В памяти автора первая часть ее связана с весной, с таяньем снега на Страстной неделе, с ранней Пасхой, с прогулками по Арбату. В это время Боря Бугаев и Сережа Соловьев переживали первую любовь. Один был влюблен в «светскую львицу», другой – в арсеньевскую гимназистку. «Мы круто писали зигзаги в кривых переулках; картина весны, улиц и пешеходов вдруг вырвалась первою частью „Симфонии“, как дневник». Наброски были прочитаны за чайным столом у Соловьевых. Михаил Сергеевич одобрил; Белый начинает думать о сюжете, но тут наступают экзамены – и поэма откладывается. Через двадцать лет поэт возвращается памятью к весне 1901 года – самой счастливой в его жизни. В поэме «Три свидания» оживает его юность.

 
О, незабвенные прогулки,
О, незабвенные мечты,
Москвы кривые переулки…
Промчалось все; где, юность, ты!
………………………………………..
Высокий, бледный и сутулый,
Где ты, Сережа, милый брат;
Глаза – пророческие гулы,
Глаза, вперенные в закат;
Выходишь в Вечность: на Арбат.
Бывало: бродишь ты без речи;
И мне ясней слышна, видна:
Арбата юная весна.
Твоя сутулая спина,
Твои приподнятые плечи,
Бульваров первая трава…
 

Романтическая весна заканчивается прозой экзаменов. Наконец физика сдана. Белый один в Москве, в пустой квартире. Он выносит стол к балкону, выходящему на Арбат. В канун Троицына дня и в самый Троицын день пишет вторую часть «Симфонии». Выговаривает строчки вслух и записывает, – так всю ночь под негаснущей зарей. В Духов день приезжает из Дедова Сережа. Белый читает ему поэму; того поражает описание Новодевичьего монастыря, и друзья отправляются туда – сравнивать изображение с подлинником. Золотой свет Духова дня догорает там на крестах кладбища; среди кустов сирени бродят монашки; доносятся звуки фисгармонии; красная лампадка мерцает на могиле Владимира Соловьева, – совсем как в «Симфонии»! Вся Москва кажется друзьям озаренной светом поэмы. Жизнь и поэзия сливаются. На другой день они едут в Дедово, и Белый читает Соловьевым две части «Симфонии». «Михаил Сергеевич, – пишет он, – мне сказал: „Боря, это должно выйти в свет: вы – теперешняя литература. И это напечатано будет“». Но из уважения к отцу-профессору Белый не решался выступить в печати под своим именем. Стали придумывать псевдонимы. Молодой автор предложил: «Борис Буревой». Михаил Сергеевич рассмеялся. «Когда потом псевдоним откроется, – сказал он, то будут каламбурить: „Буревой – Бори вой!“» И придумал: Андрей Белый.

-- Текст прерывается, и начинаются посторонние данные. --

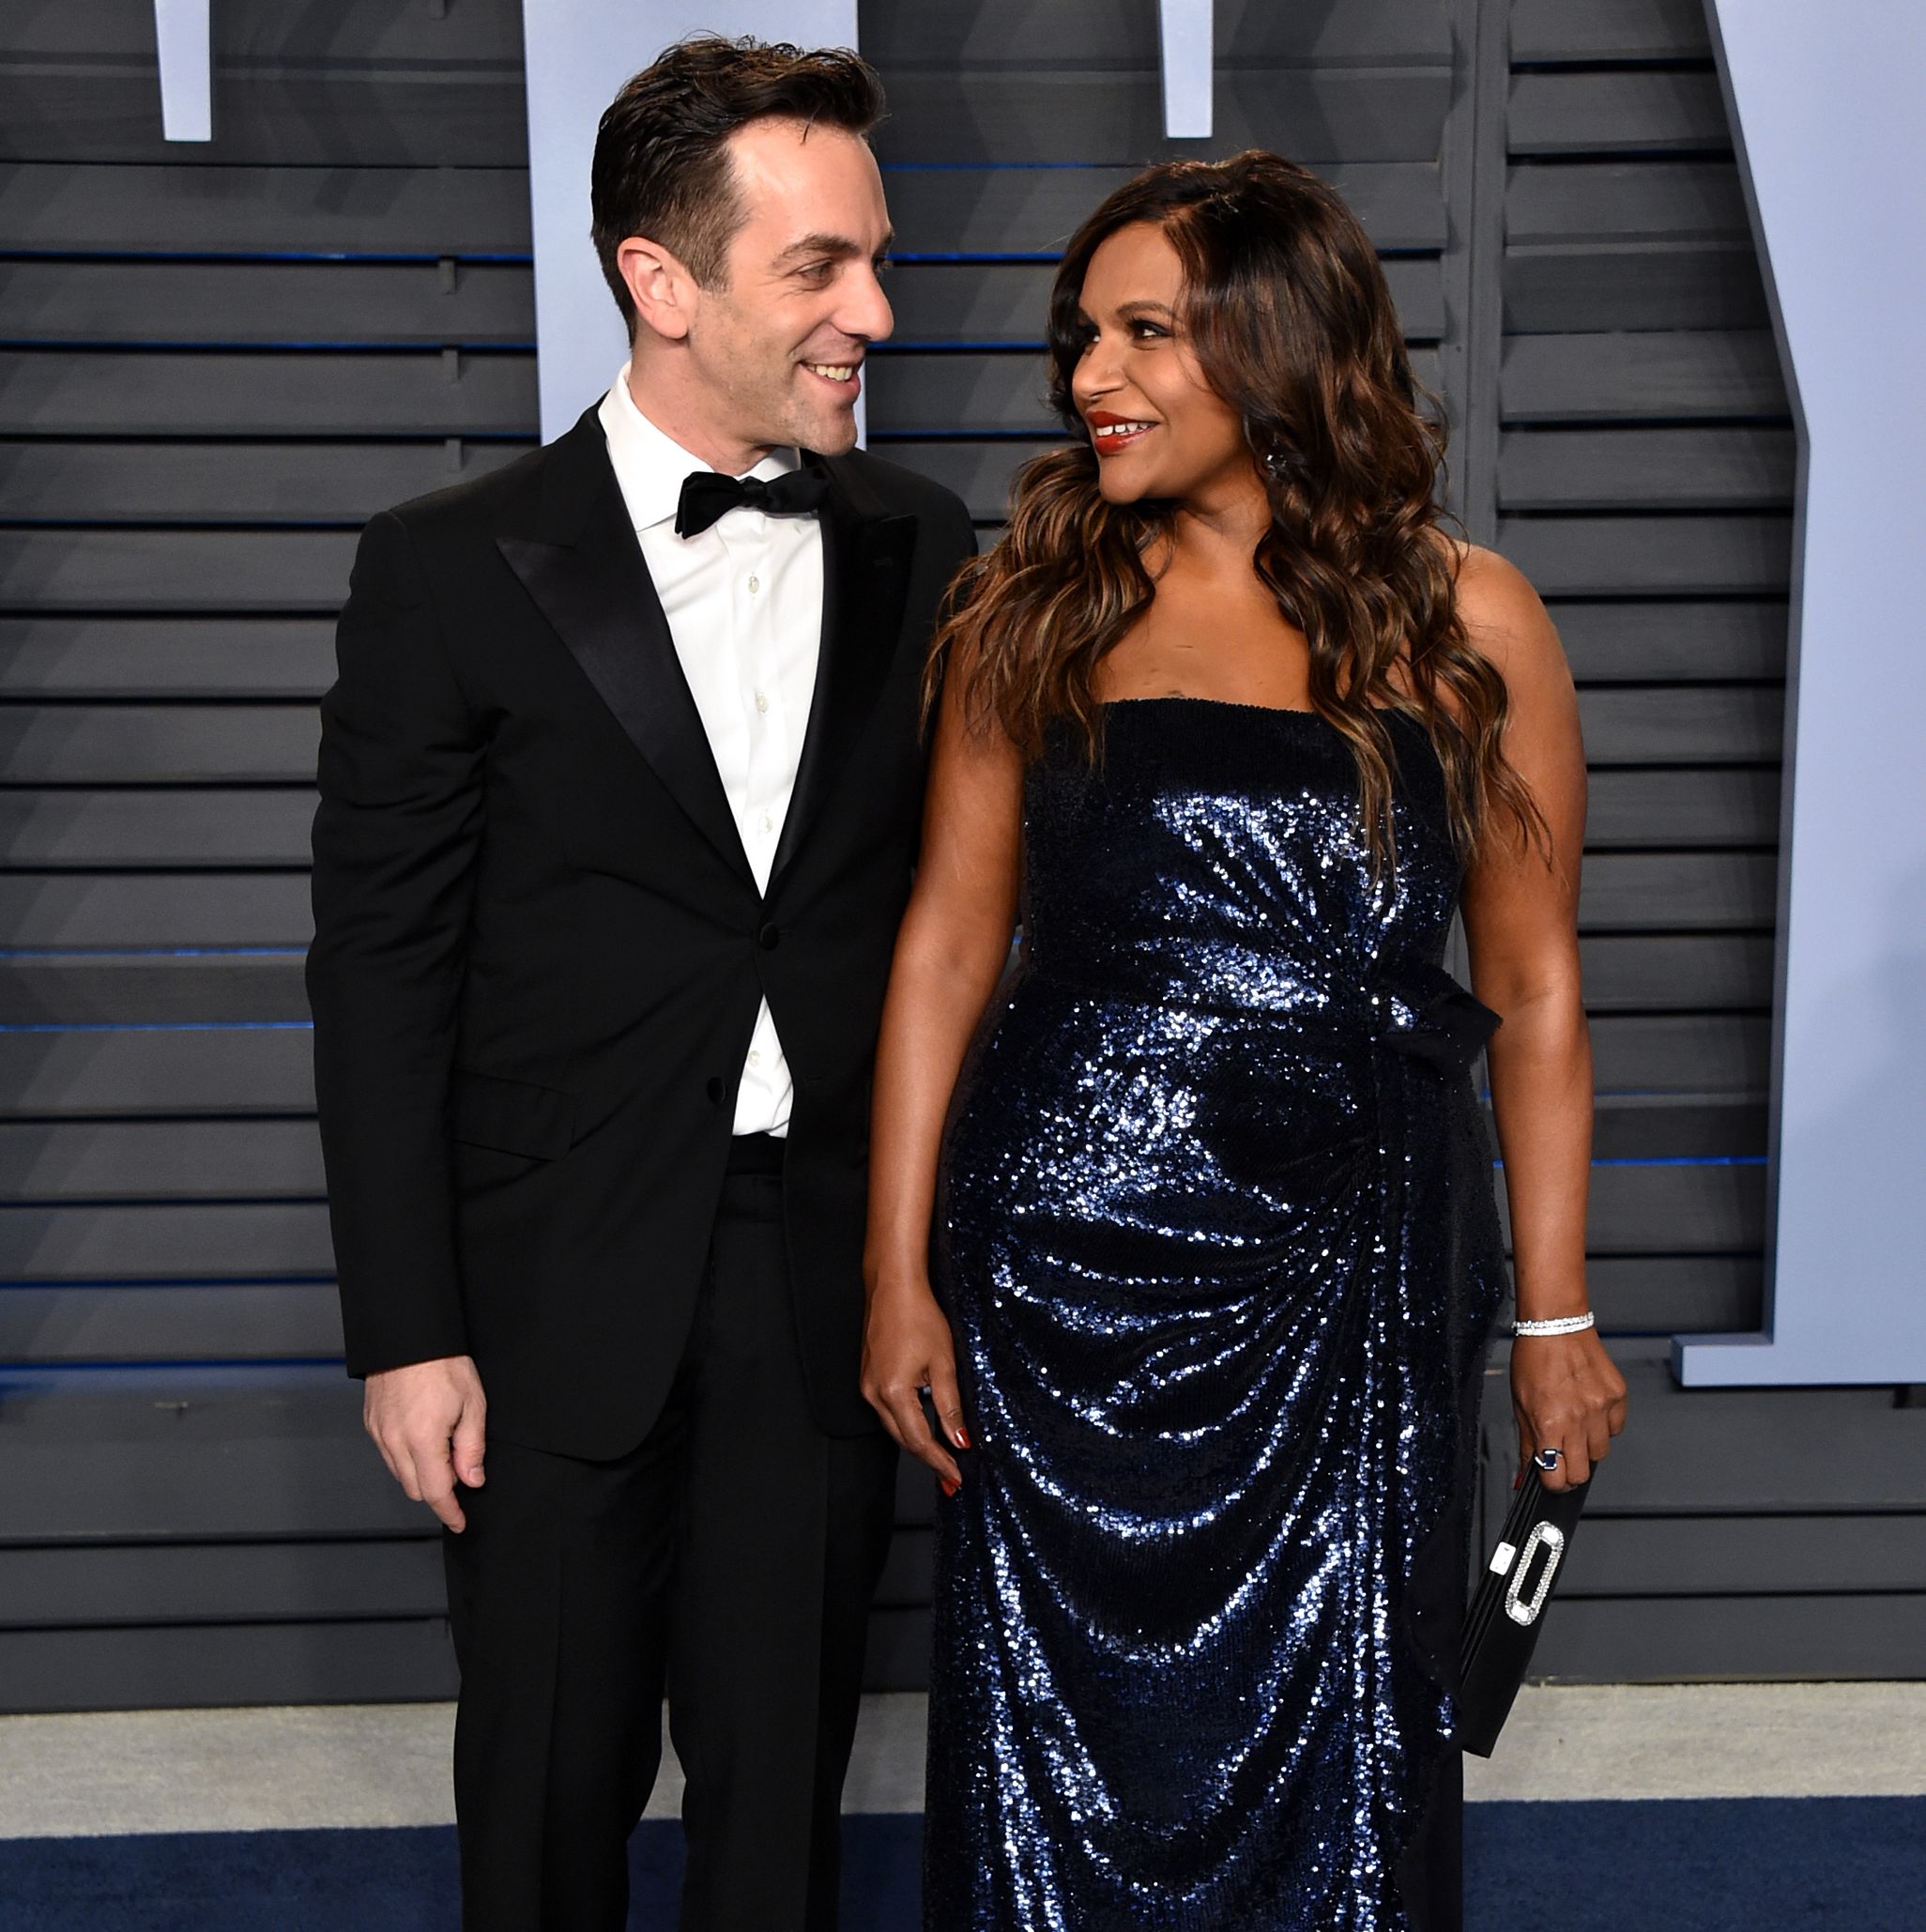 Mindy Kaling Just Responded to Those Rumors That B.J. Novak Is Her Children's Father

«Так третьекурсник-естественник, – заключает автор, – стал писателем, не желая им быть».

В Дедове проходят четыре «незабвеннейших дня». Одну ночь Белый с Сережей проводят в лодке посередине пруда, читая Апокалипсис при свете заплывающей свечи. На рассвете приходит Михаил Сергеевич, и они втроем идут смотреть на белые колокольчики, пересаженные из усадьбы «Пустынька», где живал В. Соловьев. Мистические белые цветы были для философа ангелами смерти; о них он писал:

 
Помыслы смелые
в сердце больном.
Ангелы белые
встали кругом.
 

Из Дедова Белый вернулся в Москву – на экзамен ботаники.

Третья часть «Симфонии» была написана в деревне Серебряный Колодезь, между первым и пятым числами июня; четвертая дописывалась в июле.


Во вступлении к «Симфонии» автор объясняет, что произведение его имеет три смысла: музыкальный, сатирический и идейно-символический. «Во-первых, это – Симфония, задача которой состоит в выражении ряда настроений, связанных друг с другом основной „настроенностью“ (ладом); отсюда вытекает необходимость разделения ее на части, частей на отрывки и отрывков на стихи (музыкальные фразы)… Второй смысл – сатирический; здесь осмеиваются некоторые крайности мистицизма… Наконец, идейный смысл, который, являясь преобладающим, не уничтожает ни музыкального, ни сатирического смысла. Совмещение в одном отрывке или стихе всех трех сторон ведет к символизму».

Через 32 года после написания «Симфонии» Белый в книге «Начало века» возвращается к своему первому «символическому» произведению. Большую часть поэмы он сочинял в деревне, летом; не за письменным столом, а верхом на лошади; глаз и мышцы участвовали в работе. «Я вытанцовываю и выкрикиваю свои ритмы в полях, – пишет он, – с размахами рук, нащупывая связи между словами ногой, ухом, глазом, рукой… Влияние телесных движений на архитектонику фразы – Америка, мною открытая в юности. Галопы в полях осадились галопами фраз и динамикой мимо мелькающих образов… Я привык писать на ходу; так пишу и доселе… Форма „Симфонии“ слагалась в особых условиях – в беге, в седле, в пульсе, в поле…»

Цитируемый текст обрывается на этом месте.